··· SUPPLIED INFORMATION ···

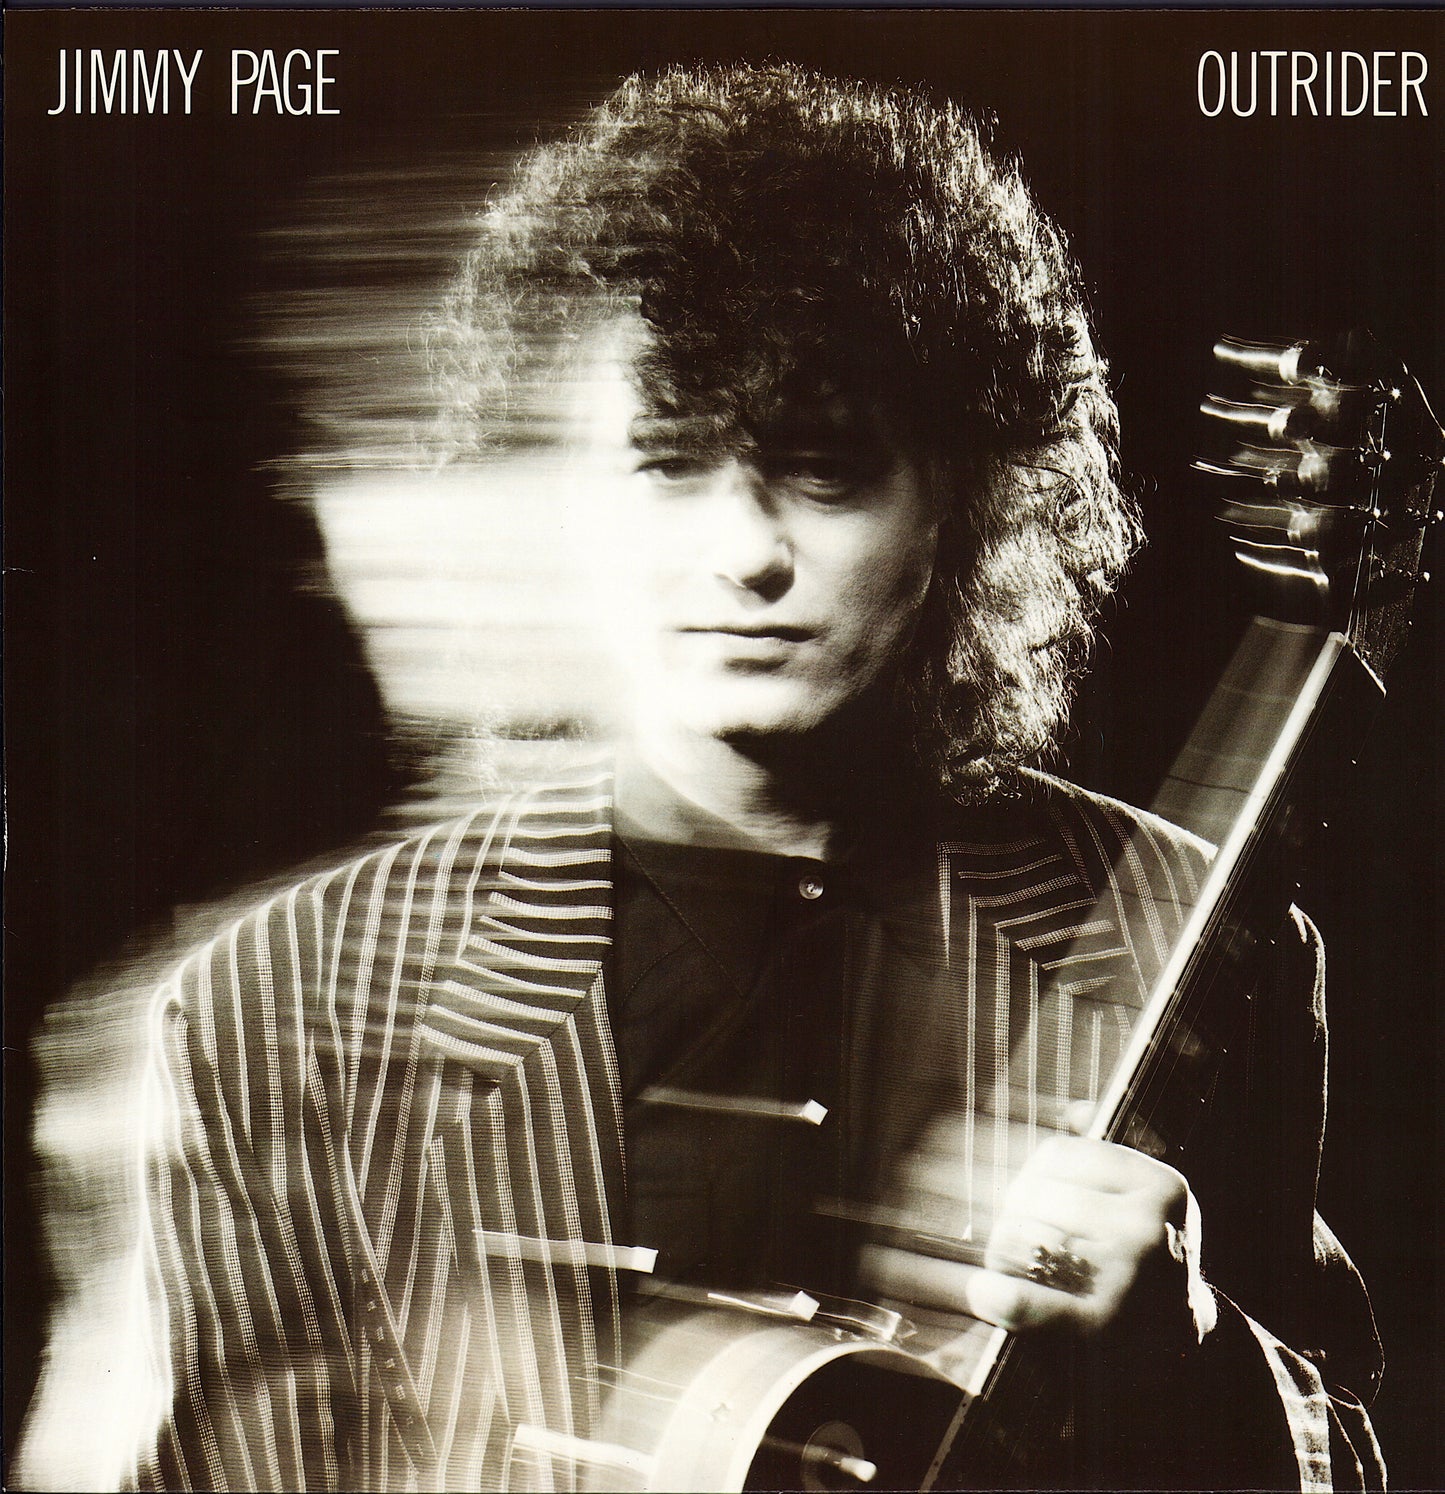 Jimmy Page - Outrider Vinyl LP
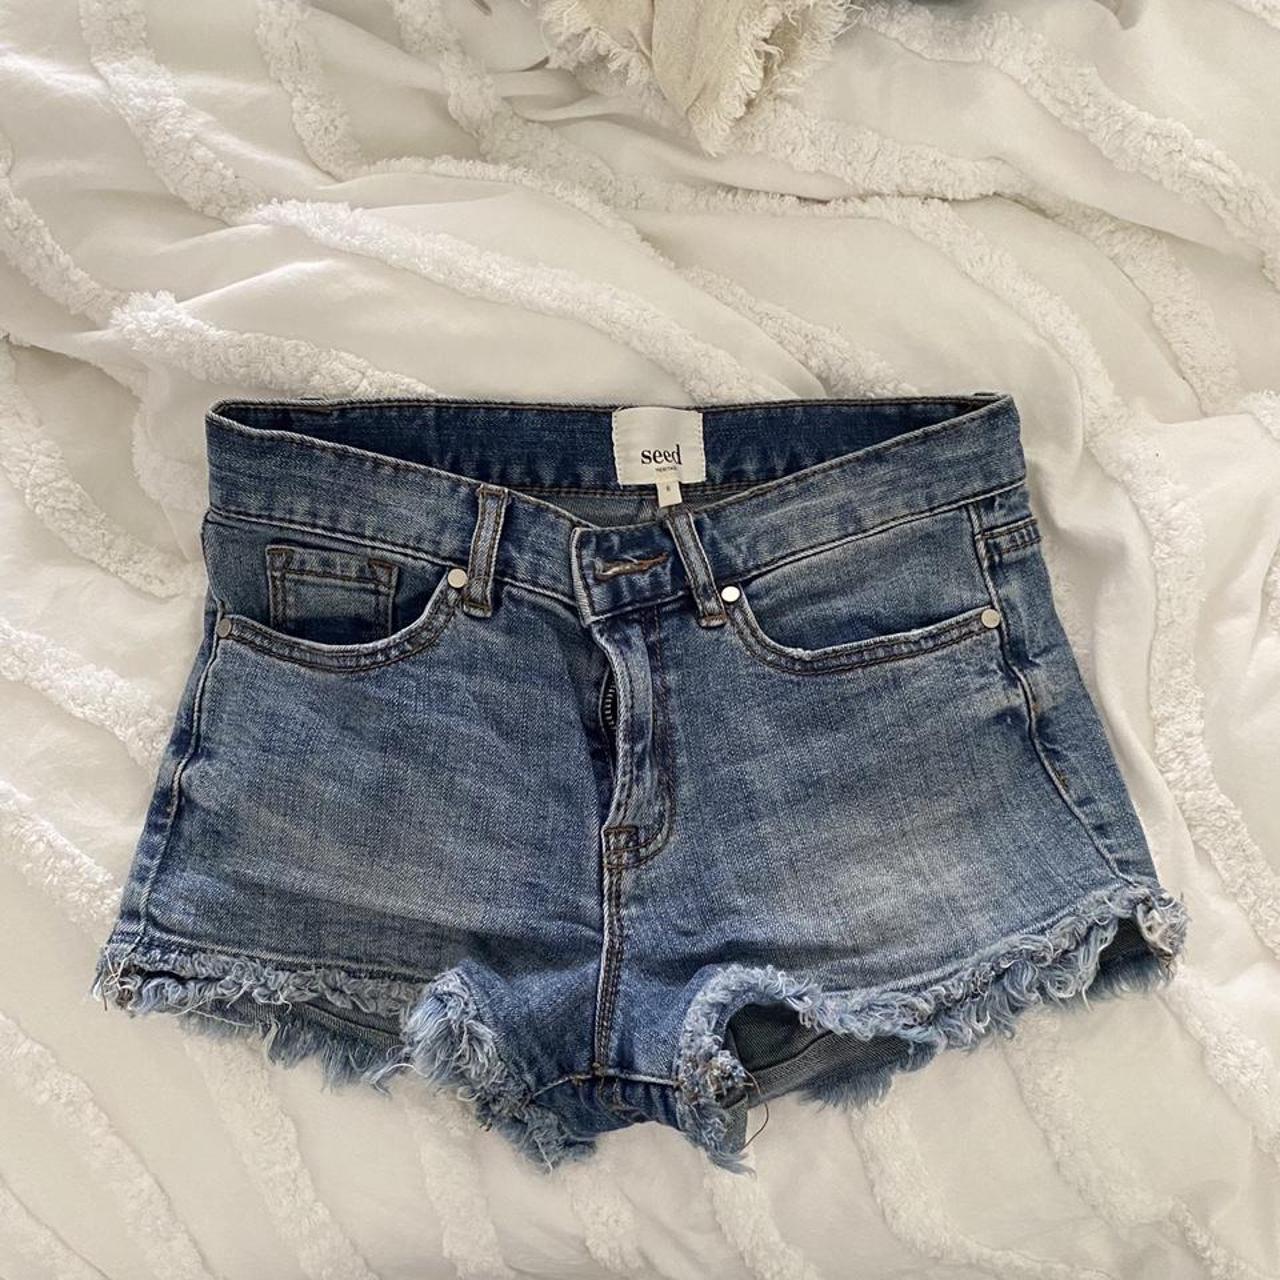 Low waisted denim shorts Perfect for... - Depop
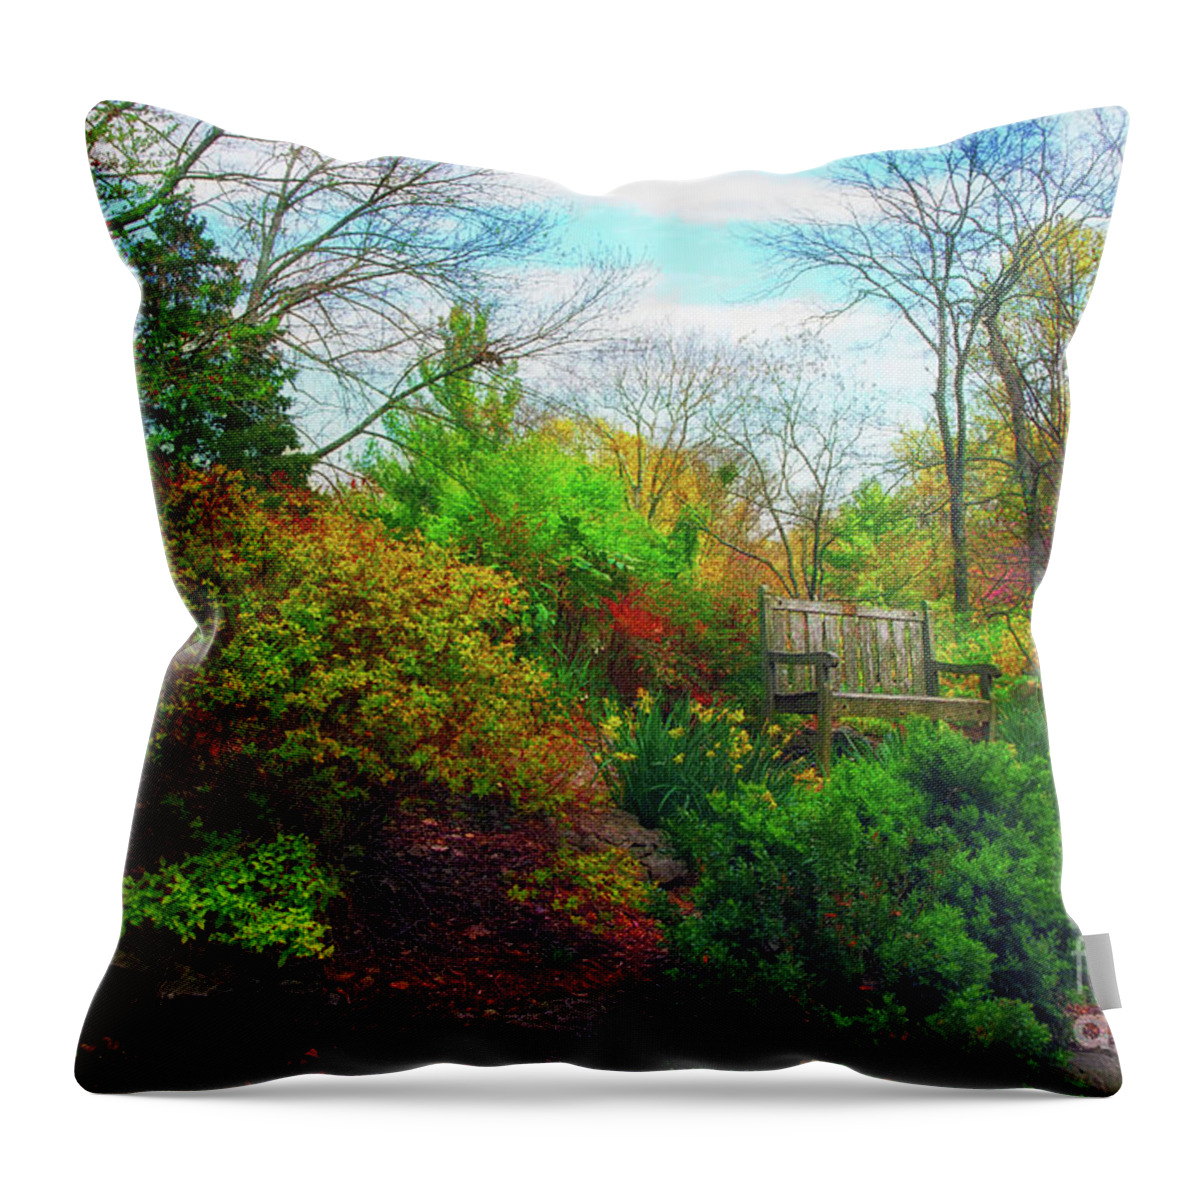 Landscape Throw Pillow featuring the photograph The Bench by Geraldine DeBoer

···

## WHAT THE EXERCISE ASKS:
A faithful, word-for-word copy of the data is needed; the pictures should not appear in it.

## ANSWER SPACE:
 Jimmy Page - Outrider Vinyl LP
 Low waisted denim shorts Perfect for... - Depop
 Landscape Throw Pillow featuring the photograph The Bench by Geraldine DeBoer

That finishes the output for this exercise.